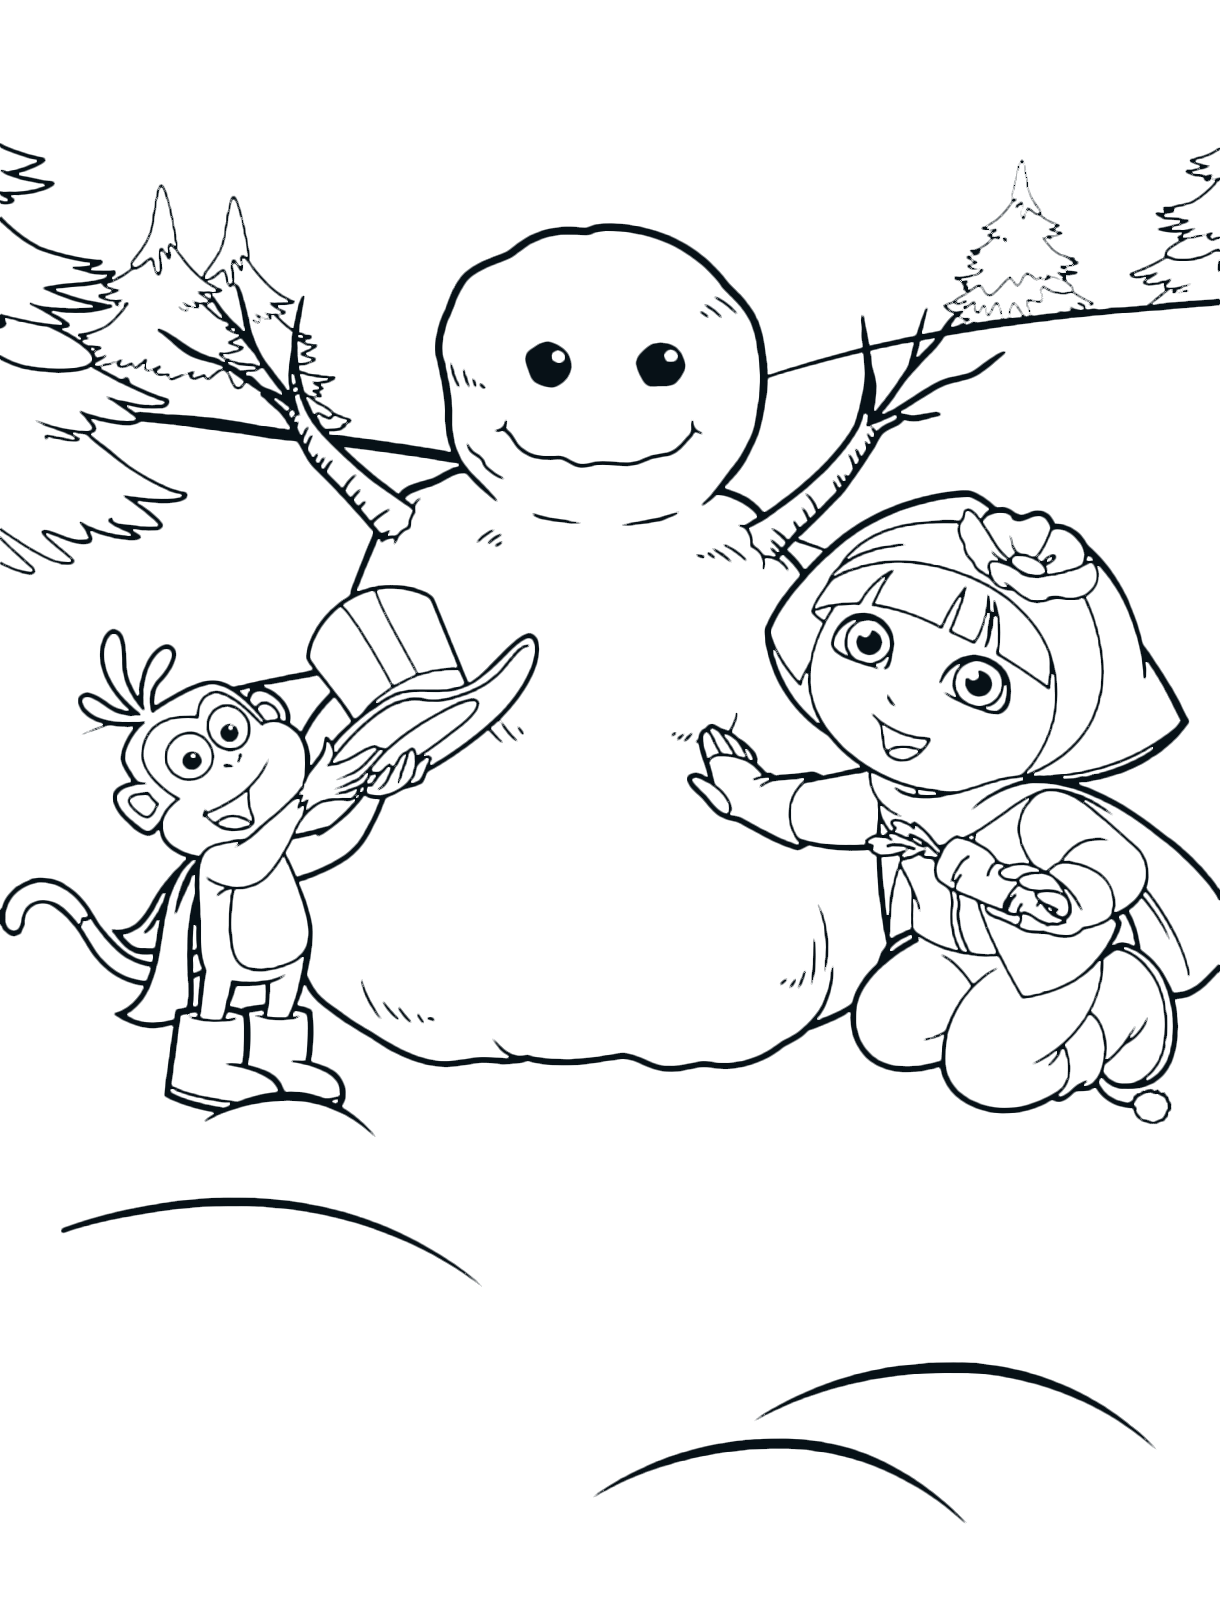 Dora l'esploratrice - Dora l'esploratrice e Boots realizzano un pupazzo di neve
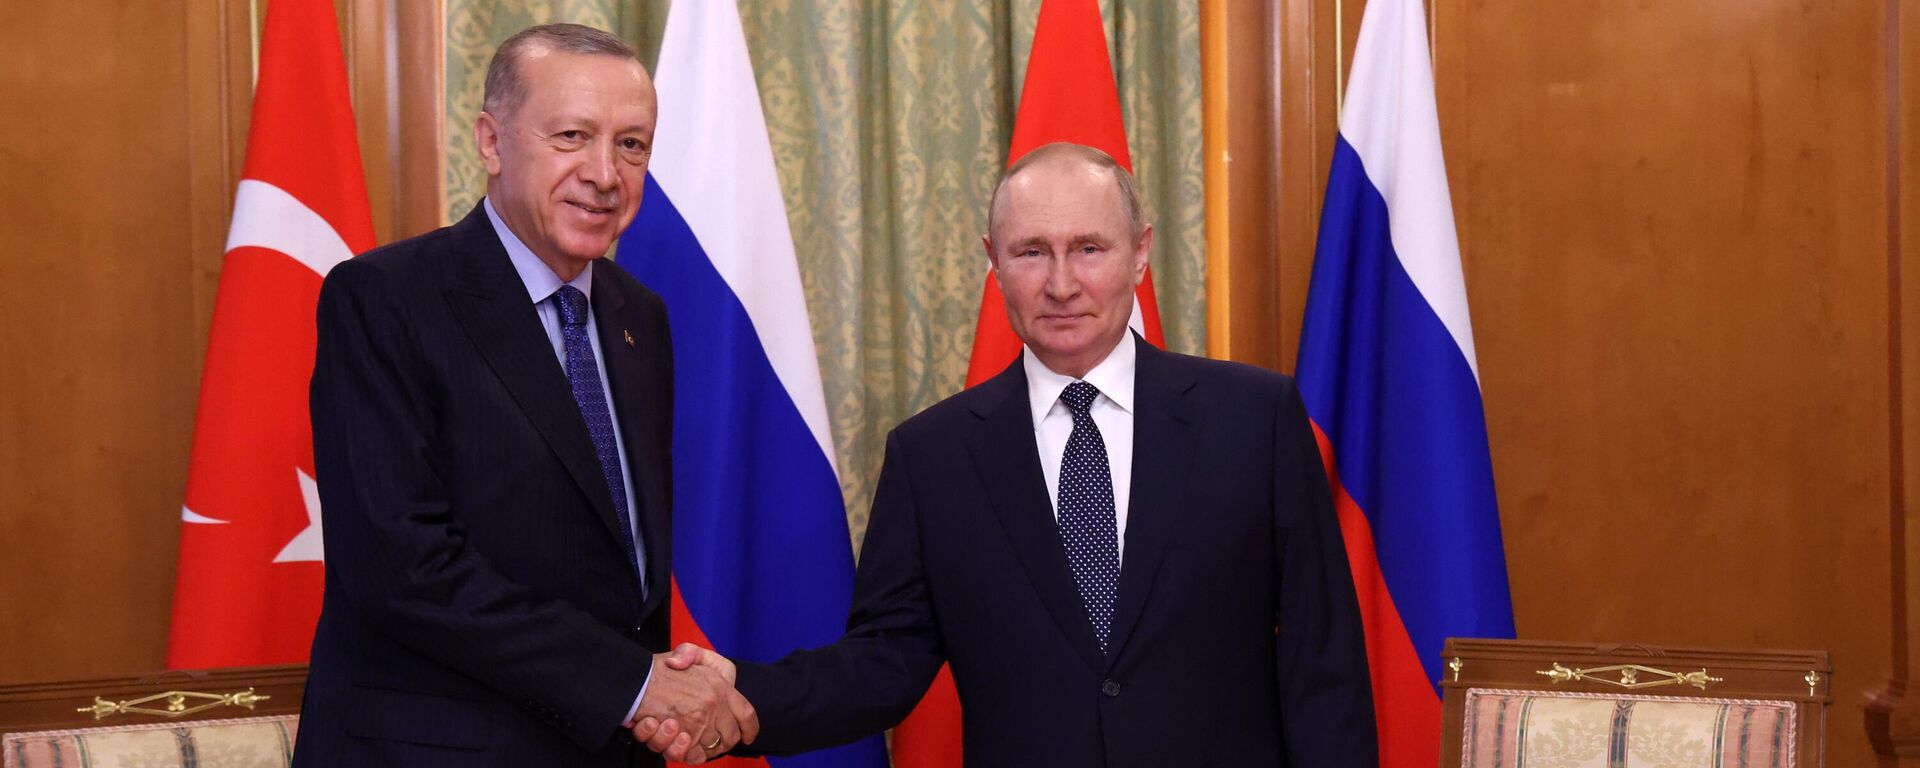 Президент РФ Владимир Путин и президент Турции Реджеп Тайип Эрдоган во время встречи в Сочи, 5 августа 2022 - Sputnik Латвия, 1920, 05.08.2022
--
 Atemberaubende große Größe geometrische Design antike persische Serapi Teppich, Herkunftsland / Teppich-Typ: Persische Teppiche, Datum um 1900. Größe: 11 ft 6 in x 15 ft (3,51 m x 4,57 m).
---
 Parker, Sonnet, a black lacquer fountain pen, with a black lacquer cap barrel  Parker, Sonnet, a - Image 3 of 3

--- GOAL OF THE EXERCISE ---
Find where the line with "Dora l'esploratrice - Dora" sits in the material above and where the line with "Президент РФ Владимир" sits. Set down exactly the lines from the first to the second, both included and nothing else, without pictures.

--- WRITTEN RESPONSE ---
 Dora l'esploratrice - Dora l'esploratrice e Boots realizzano un pupazzo di neve
 Президент РФ Владимир Путин и президент Турции Реджеп Тайип Эрдоган во время встречи в Сочи, 5 августа 2022 - Sputnik Латвия, 1920, 05.08.2022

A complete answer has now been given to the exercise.